Мозг против мозга. Mind vs brain — страница 38 из 41

Эрнест Резерфорд менее чем за десять лет до первого взрыва атомной бомбы сказал, что практическое применение его науки будет не ранее чем через сто лет. Франклин Рузвельт в начале сороковых созвал совещание экспертов с задачей прогнозирования путей развития науки. Ни один их прогноз не сбылся. С другой стороны, вера А.Ф. Иоффе в талант Курчатова позволила существовать его бессмысленной с прикладной точки зрения лаборатории, и уже в 1947 году в СССР появилась атомная бомба. Аналогичная история с лазерами. Лабораторию А.М. Прохорова хотели закрыть за неперспективностью. Кстати, так же, как и лабораторию его американского коллеги Ч. Таунса. Если знаешь, как делать и что приблизительно получишь, то это уже не наука. Наука – это когда задаешь вопрос, ответа на который предсказать не можешь.

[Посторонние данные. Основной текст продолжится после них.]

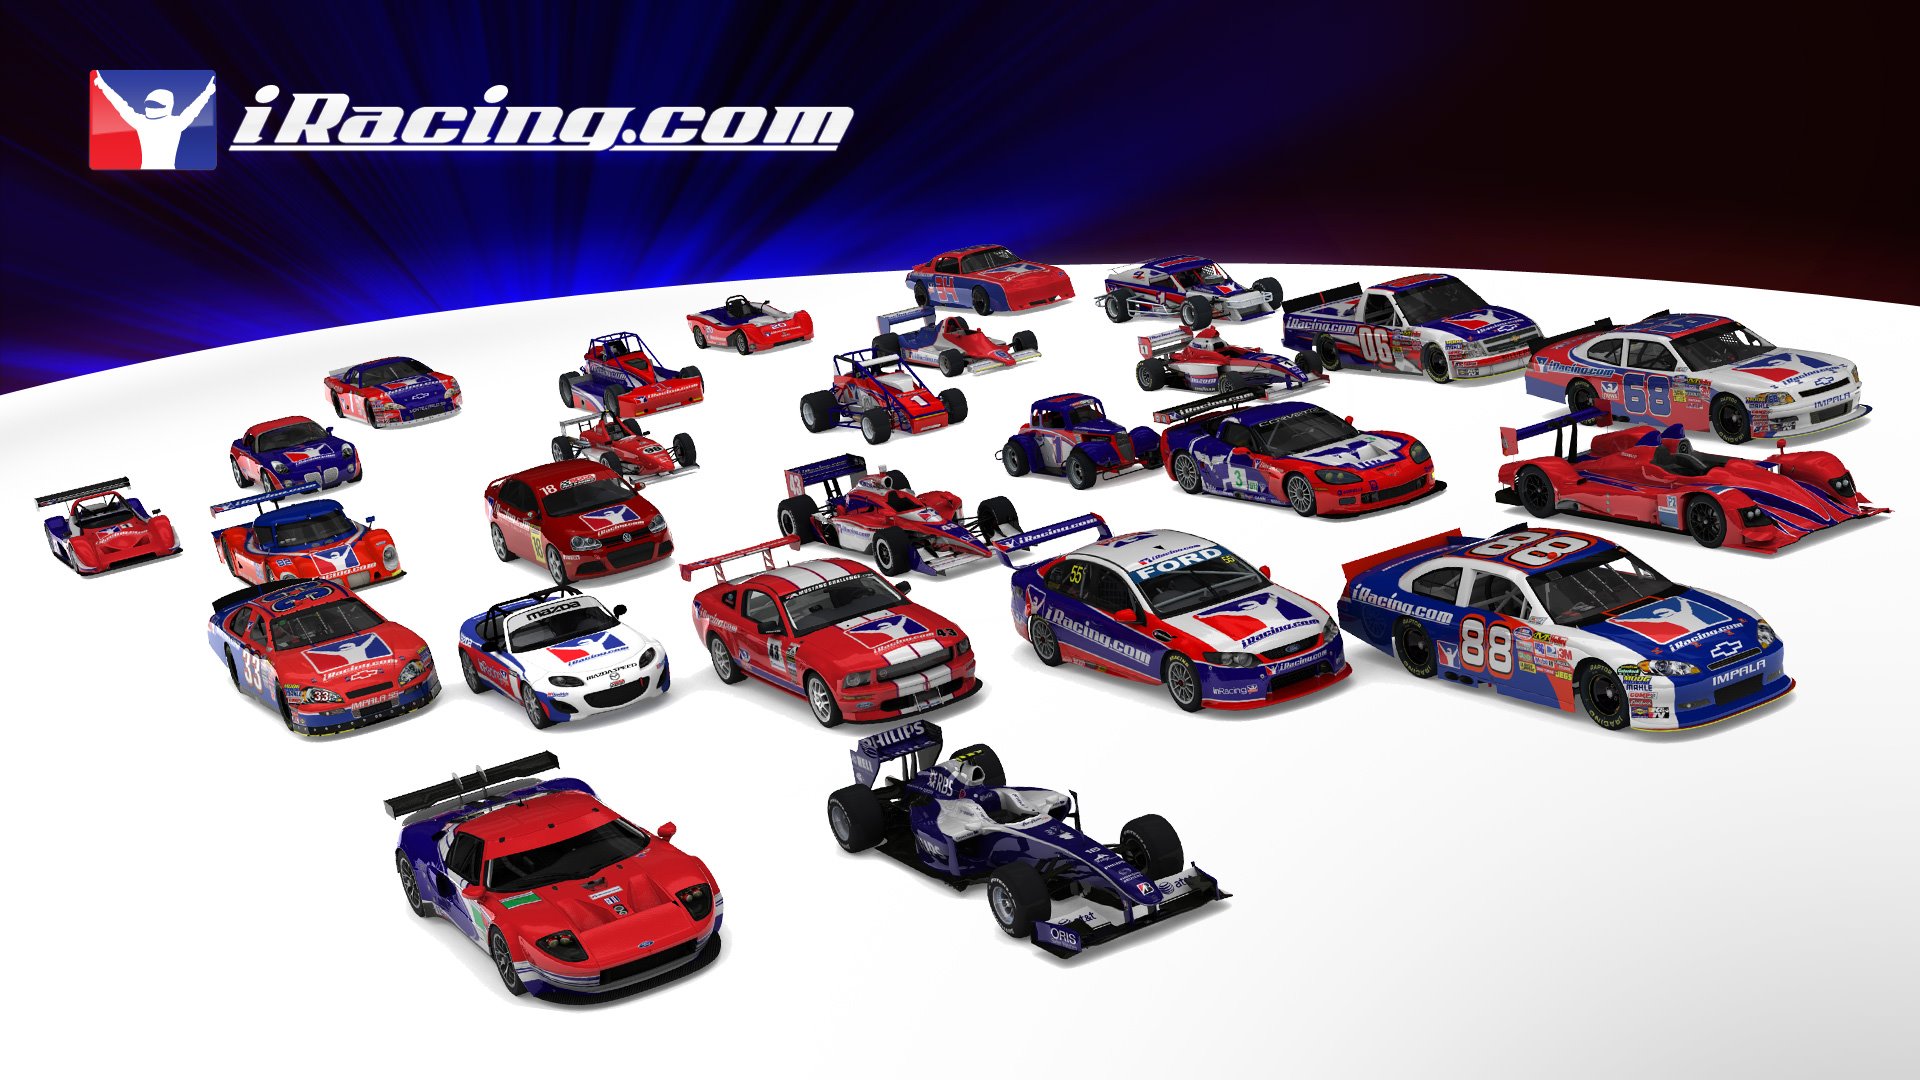 Iracing All Cars Wallpaper Virtualr Sim Racing News

Необходимо разобраться со старением мозга. Это не просто задача продления жизни – это проблема творческого долголетия. Я думаю, ее решение лежит на пути исследования функционирования механизма детектора ошибок. Огромная задача в исследовании мозга – понять механизм психических заболеваний и их причины. Я рассказал о лечении навязчивых состояний (обсессивно-компульсивных расстройств), но подавляющее число заболеваний мы не только не можем лечить, но даже не знаем механизмов, вызывающих их причины. До недавнего времени диагностика заключалась в беседе с психиатром. Вдумайтесь. Вы приходите к неврологу, и вас тут же посылают на дюжину инструментальных обследований, на основании которых врач ставит диагноз. Кардиолог только обследование проводит в течение недели. А психиатр – на основании разговора!

Почему? Психиатры не оперируют объективными показателями. В последнее время появились работы, показывающие зависимость некоторых показателей активности мозга и психических отклонений. Эти исследования – дело будущего.

Я вспоминаю, как в семидесятые годы мы мерили межимпульсные интервалы нейронов, выведенные на самописец, линейкой, и тогда были открыты некоторые закономерности. Сейчас мы легко, за минуты, обрабатываем гигабайты информации. У нас было несколько электродов на скальпе – сейчас мы видим активность практически всего мозга. Как же хочется узнать, что мы сможем завтра!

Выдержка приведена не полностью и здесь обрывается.